Syria, including Mount Lebanon, became subject to French mandate area under the League of Nations in 1918 (Chauprade 2009). The French created the current borders of Lebanon in the 1920s to establish a special territory for Christian communities (Harris 2006). Next to Mount Lebanon, the French added surrounding, predominantly Muslim areas, including important coastal cities Beirut, Tripoli and Tyrus, the Bekaa Valley and the area between Mount Lebanon and the boundary with the British mandate area of Palestine (Harris 2006). After becoming independent in 1943, Lebanon has not experienced any territorial changes.

Population: Maronites, Greek Orthodox, Catholics, Druzes, Shias, Sunnis and others

A key feature of Lebanon’s population is the enormous sectarian diversity, which East and Moodie (1956, p. 714) attribute to its “[g]eographical position [that] makes the country pre-eminently a region of intercourse and contact.” According to a 1911 census, nearly 80% of the population comprised of Christians in the Sanjak of Mount Lebanon (‘Mutasarrifiyya’, Harris 2006). The Druze community, an offshoot of Islam, accounted for 11% of the population, while the Shias (6%) and Sunnis (4%) were rather insignificant minorities.

The extension of Lebanon’s territory in 1920 meant that the Christian communities only formed a small majority in Lebanon (Brogan 1998). Nevertheless, most Christian leaders welcomed the territorial adjustment for economic reasons (Harris 2006), while Muslim leaders generally disapproved Lebanon’s creation (Brogan 1998).

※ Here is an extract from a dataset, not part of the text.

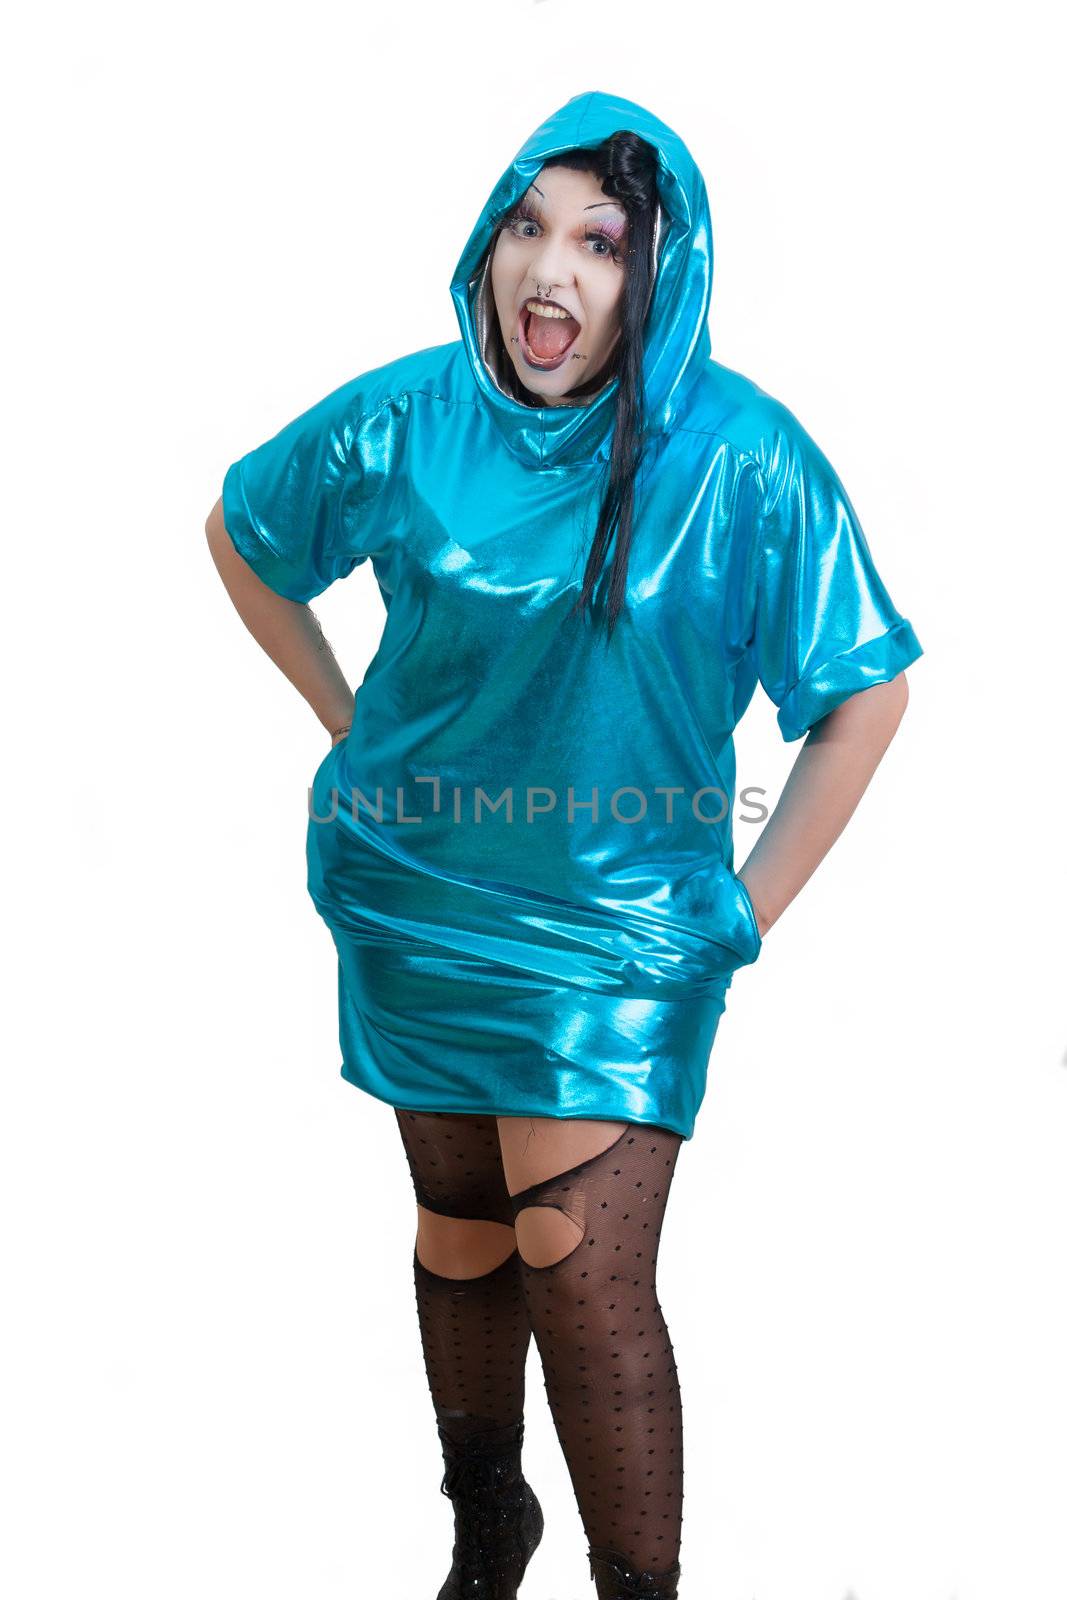 Screaming dark-haired woman with undercut hairstyle and piercings in her face wearing a blue shiny dress and broken nylons - all on white Background.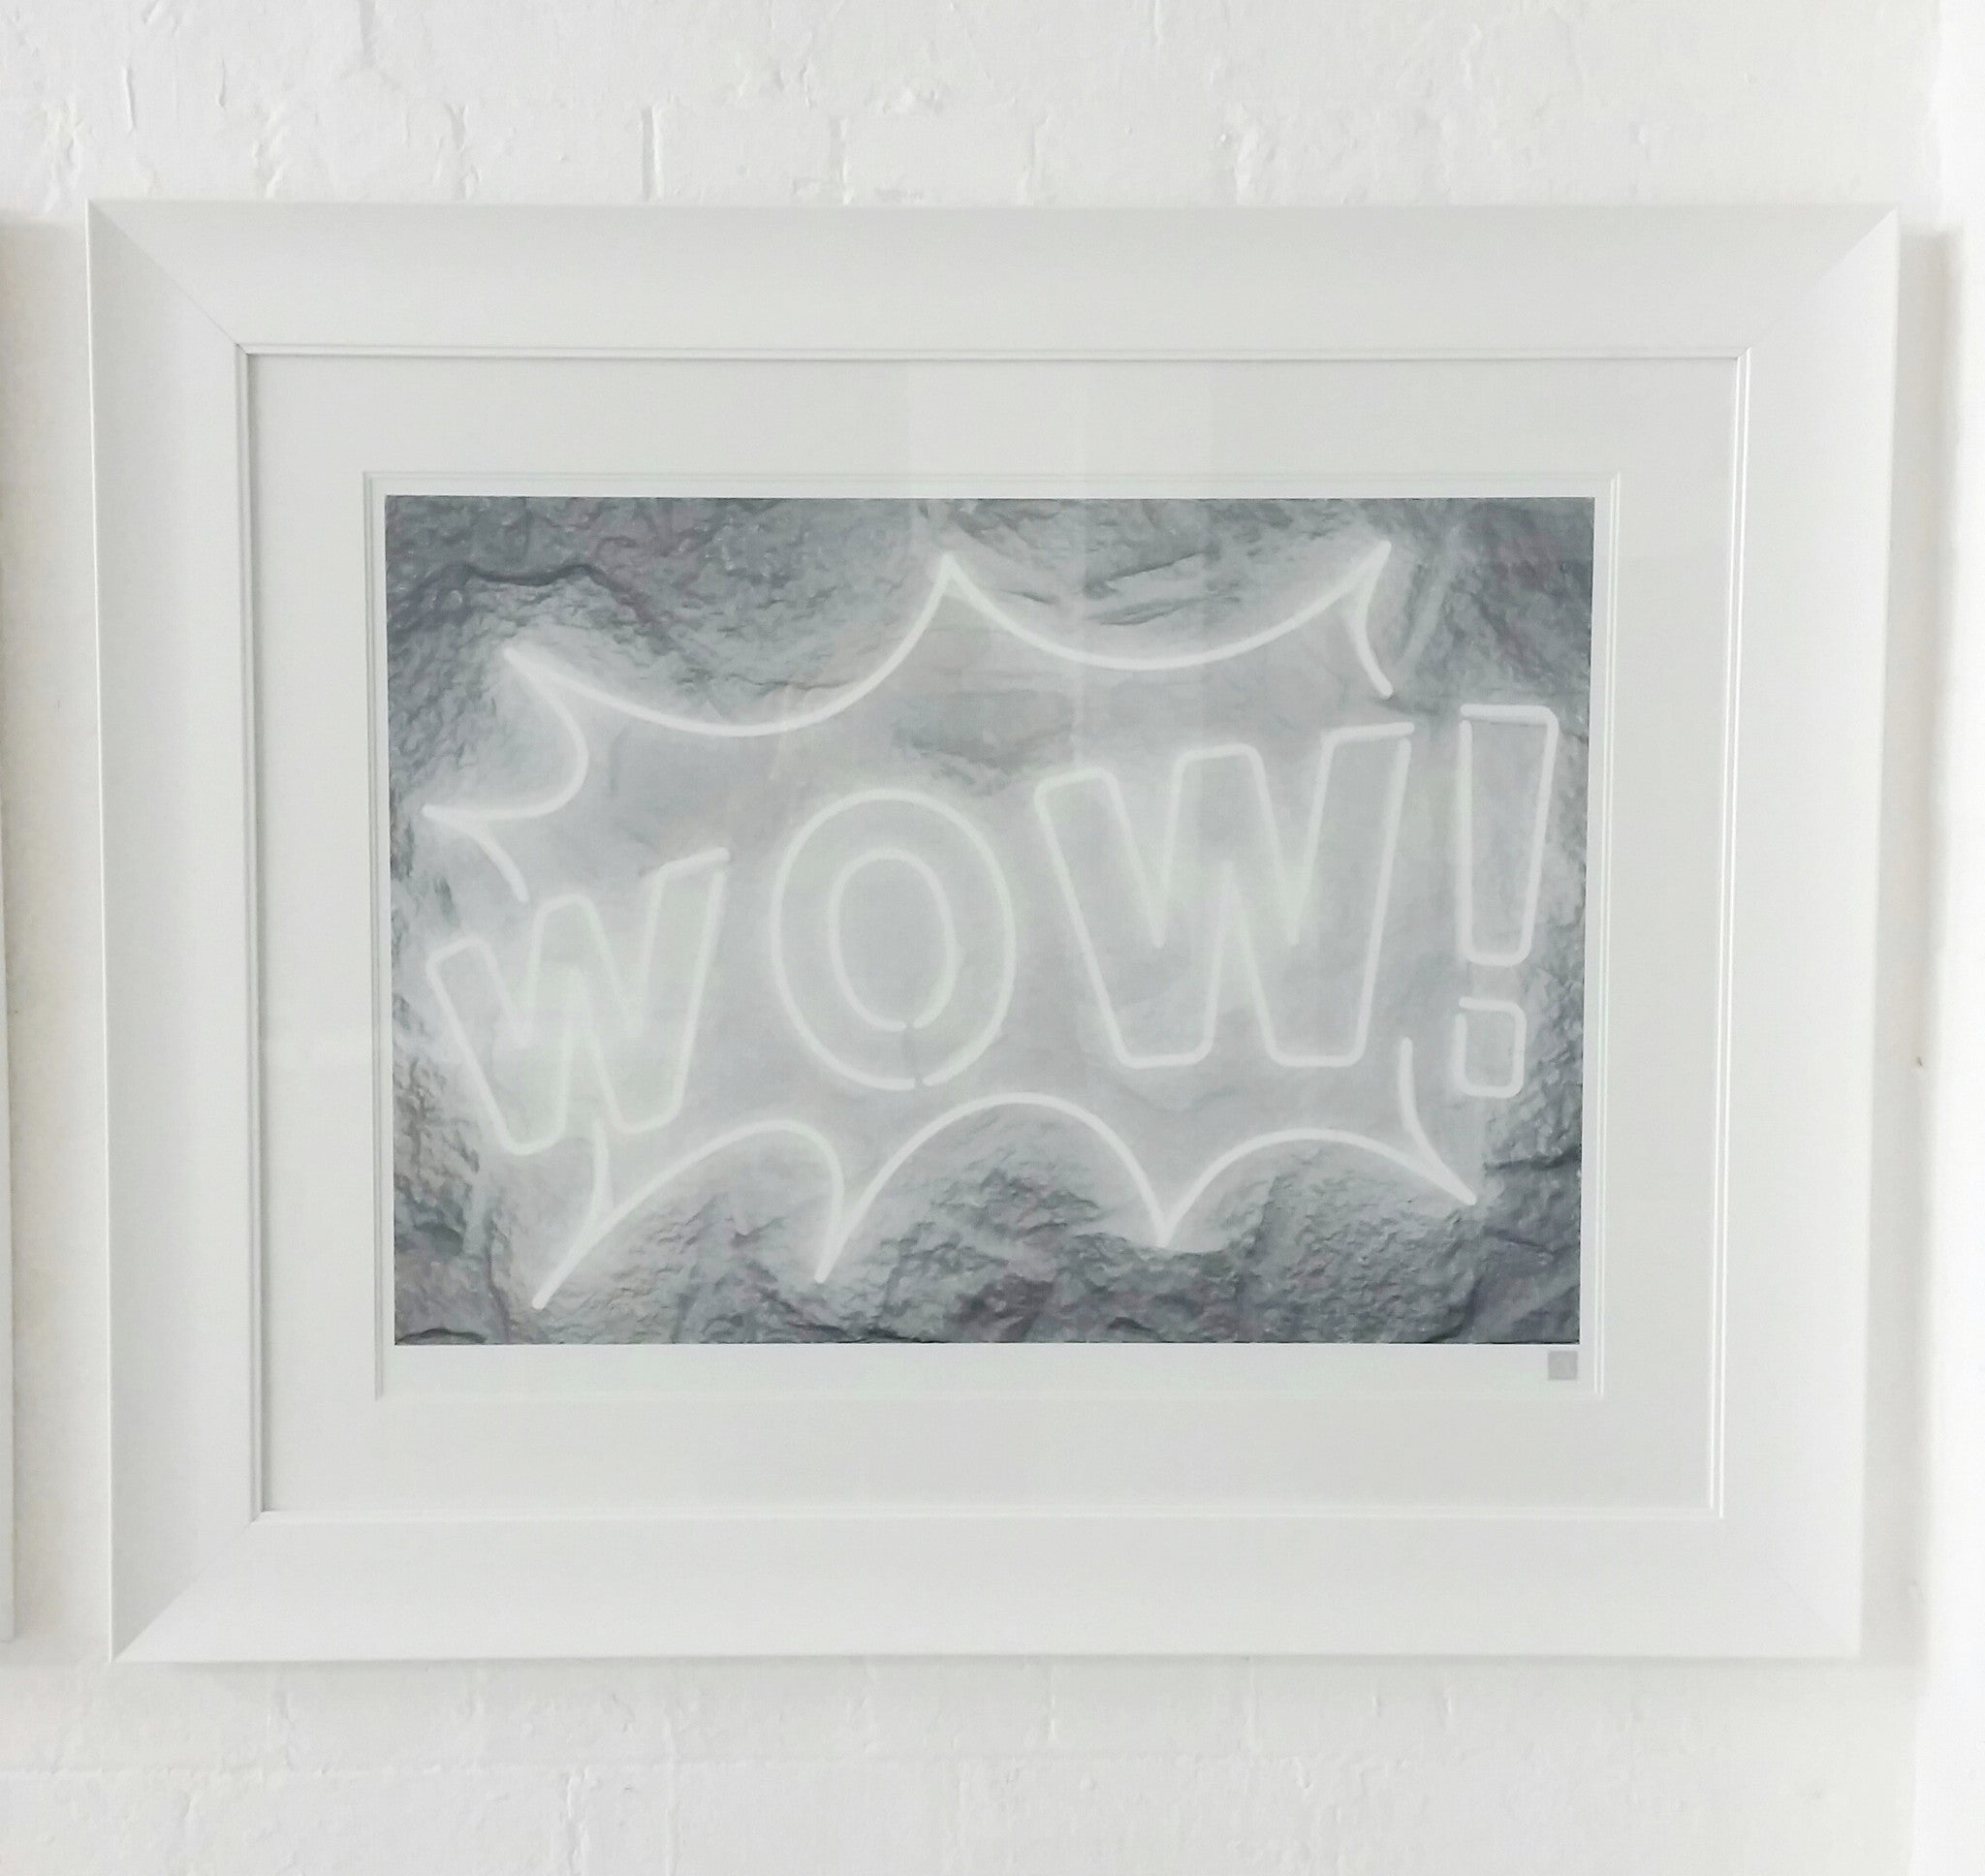 Courty - 'WOW!' -  Framed Limited Edition artwork

Lebanon has been a relatively wealthy country since independence thanks to its commercial and financial sectors (Alexander 1957 and IMF 2009). While the Christians and Sunnis have dominated the Lebanese economy since independence, the Shias have remained relatively poor (Brogan 1998). Main reasons for this position were a lack of fertile land (Owen 2004), bad education standards and poor access to clientele networks (Brogan 1998).

Reliable population data are unavailable as the last census took place in 1932 (Drysdale and Blake 1985). The Shias are probably the largest sectarian group, possibly accounting for one half of Lebanon’s population (Chauprade 2009). Structurally high birth rates and low emigration rates make it very likely that the Shia community eventually becomes a majority in Lebanon (Hamzeh 2004). With 18 recognised sects (Norton 2007), Lebanon is the most religiously diverse country in the region (Drysdale and Blake 1985).

A confessional political system, a strong President and the National Pact

The political system, used here as the third factor that is closely related to sovereignty (as a proxy for authority), has been critical to Hezbollah’s emergence. Between 1861 and its dissolution, Mount Lebanon had a confessional political system, where each major sectarian group (Maronites, Greek Orthodox, Catholics, Druzes, Shias and Sunnis) had two seats in the administrative council (Hamzeh 2001). When Mount Lebanon was integrated within Lebanon, the political system remained based upon sectarianism, meaning that “…religious communities must be represented as political communities” (Makdisi 2008, p. 24).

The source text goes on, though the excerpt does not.